What about the back wheel!!!!


----------



## bonj2 (14 Sep 2009)

i'll try and remember it next time i'm in the area


----------



## Greenbank (8 Oct 2009)

Handlebar comfort?

http://www.greenbank.org/bikes/tempo/tempo7.jpg

Profile T-2 Aero Wing base bar.
Profile Century ZB Tri-bars.
MarSAS Audax foam padding under the bar tape.
TRP RL970 Carbon Aero brake levers.


----------



## Wicksie (13 Oct 2009)

Any pictures of the Brookes? I might also be interested...


----------



## womblechops (4 Nov 2009)

Good to see a post on handlebar comfort as I have been waking in the night with bad aches in my right hand and have just realised it is due to my handlebars. It doesn't hurt on the bike, but it is now obviously all the muscles used when braking too hard on the front in wet weather.

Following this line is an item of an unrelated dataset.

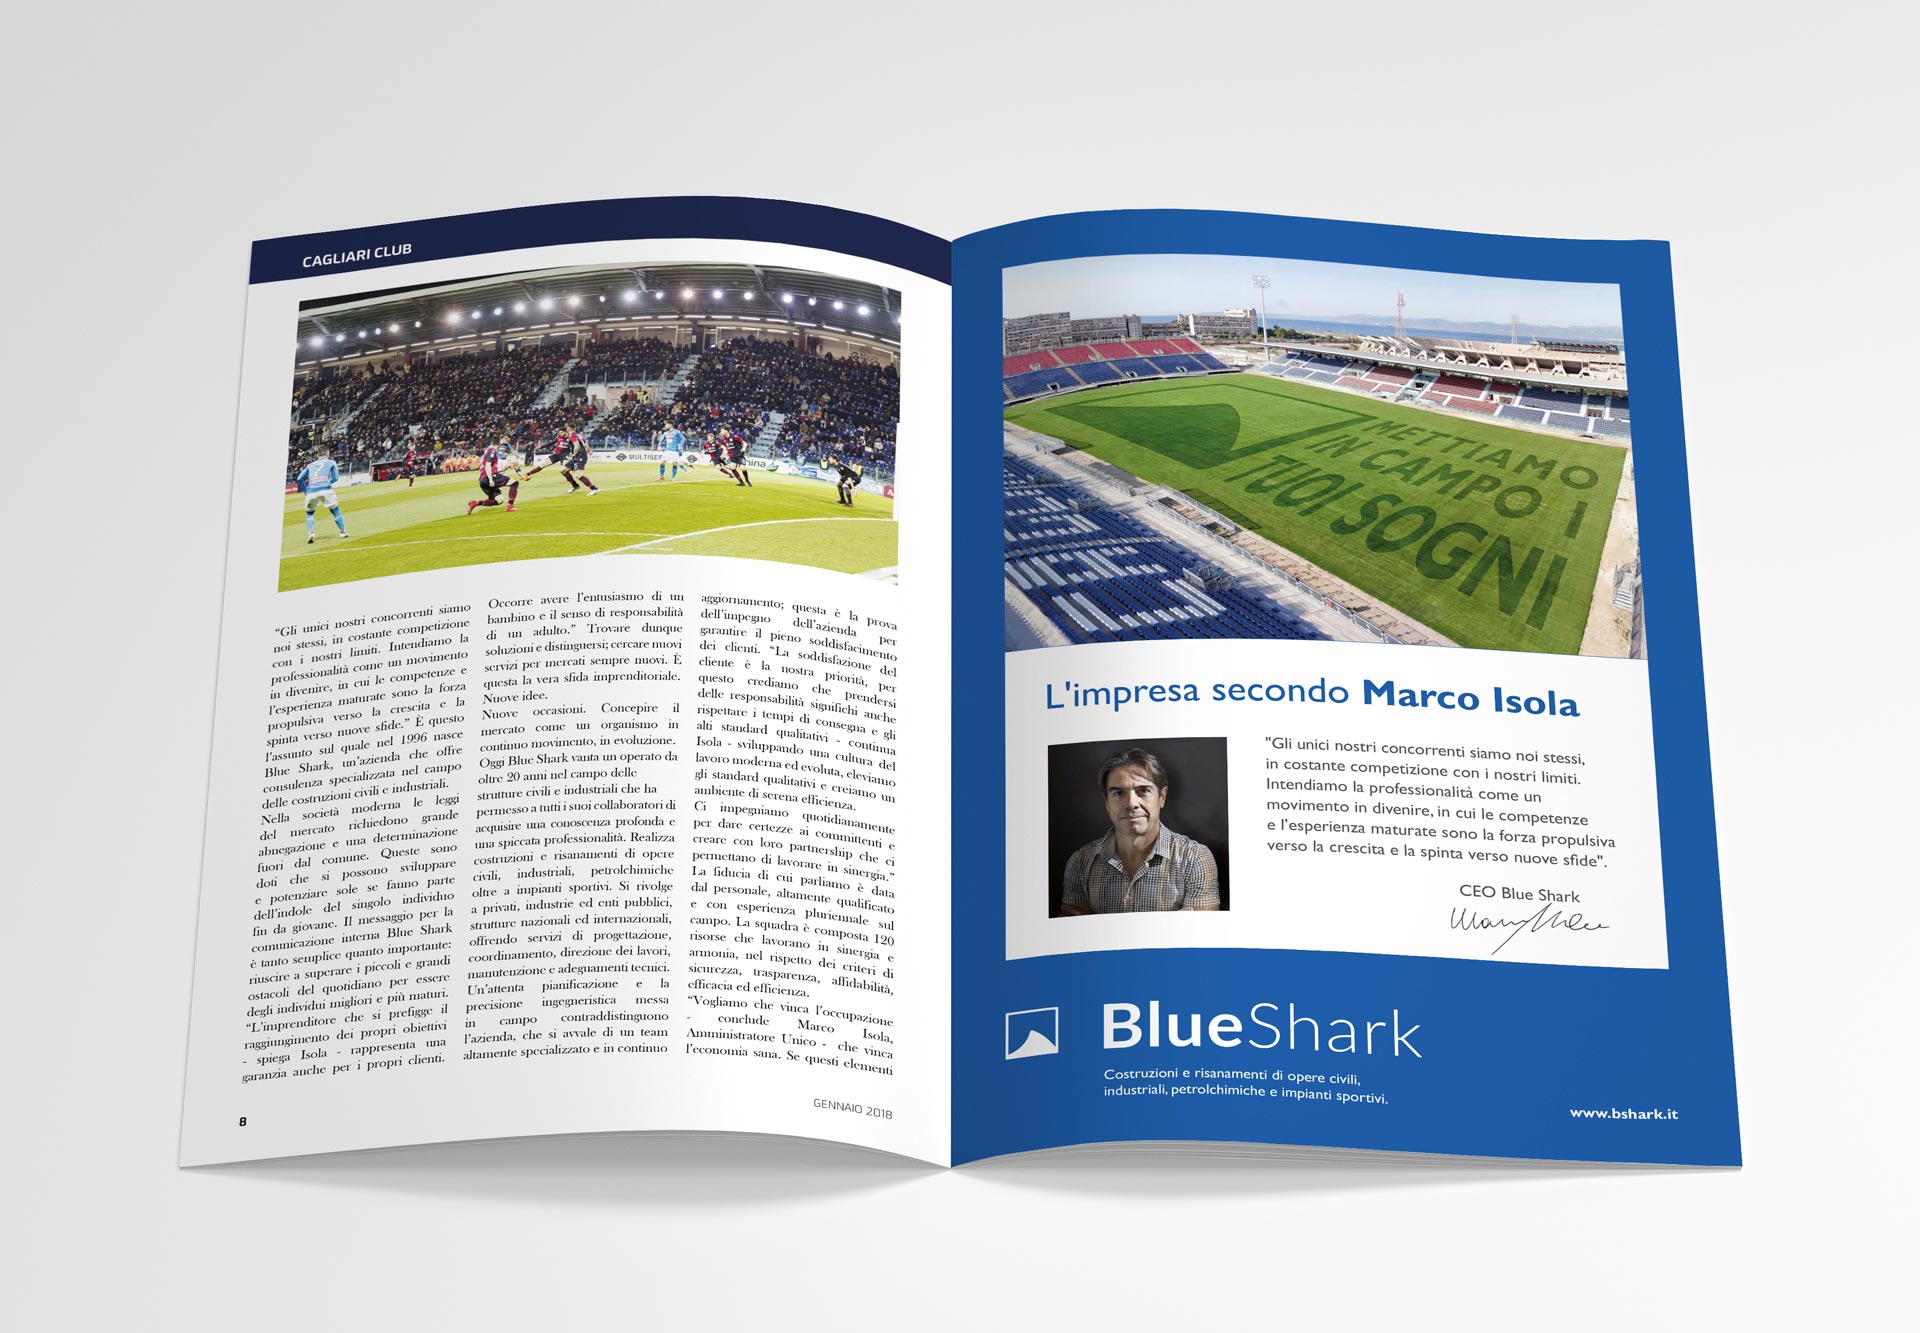 Pubblicità Blue Shark sulla rivista Cuore Rossoblù del Cagliari Calcio. CARE Web & Design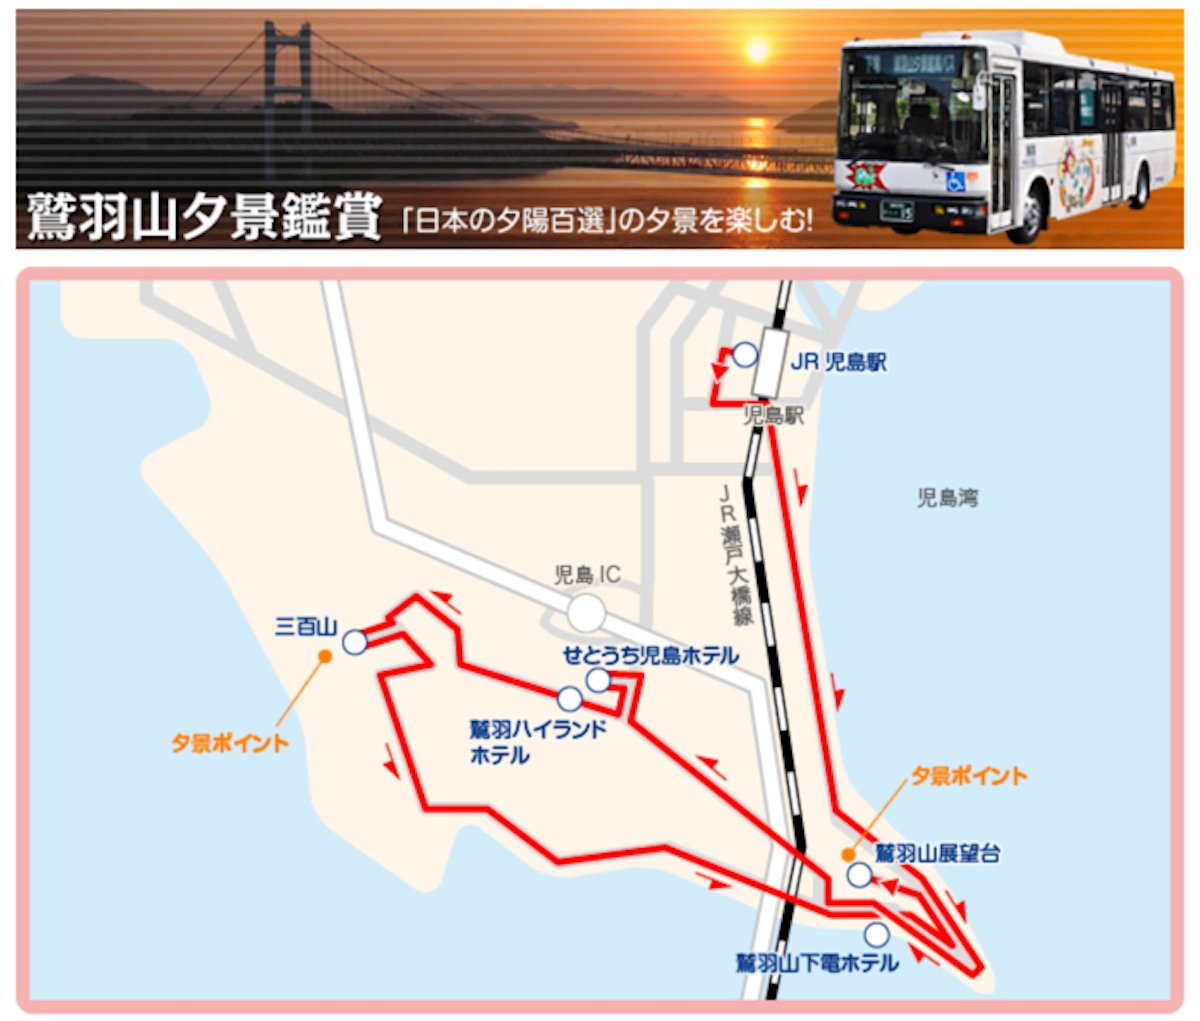 教您如何搭乘夕陽巴士到鷲羽山展望台看瀨戶大橋夕陽

Considering changing to a Greenbank set up as above rather than resting on the hoods as I do now.


----------



## GrahamG (10 Nov 2009)

Bonj - I'd be interested in the crankset & BB, been umming and arring about an upgrade for a while. Can't seem to PM you so...

Are they 165mm? What sort of condition are they in? With or without chainring (and how many teeth if with)?
I suppose a price in mind would be sensible too.

Any mudguards going with that too?


----------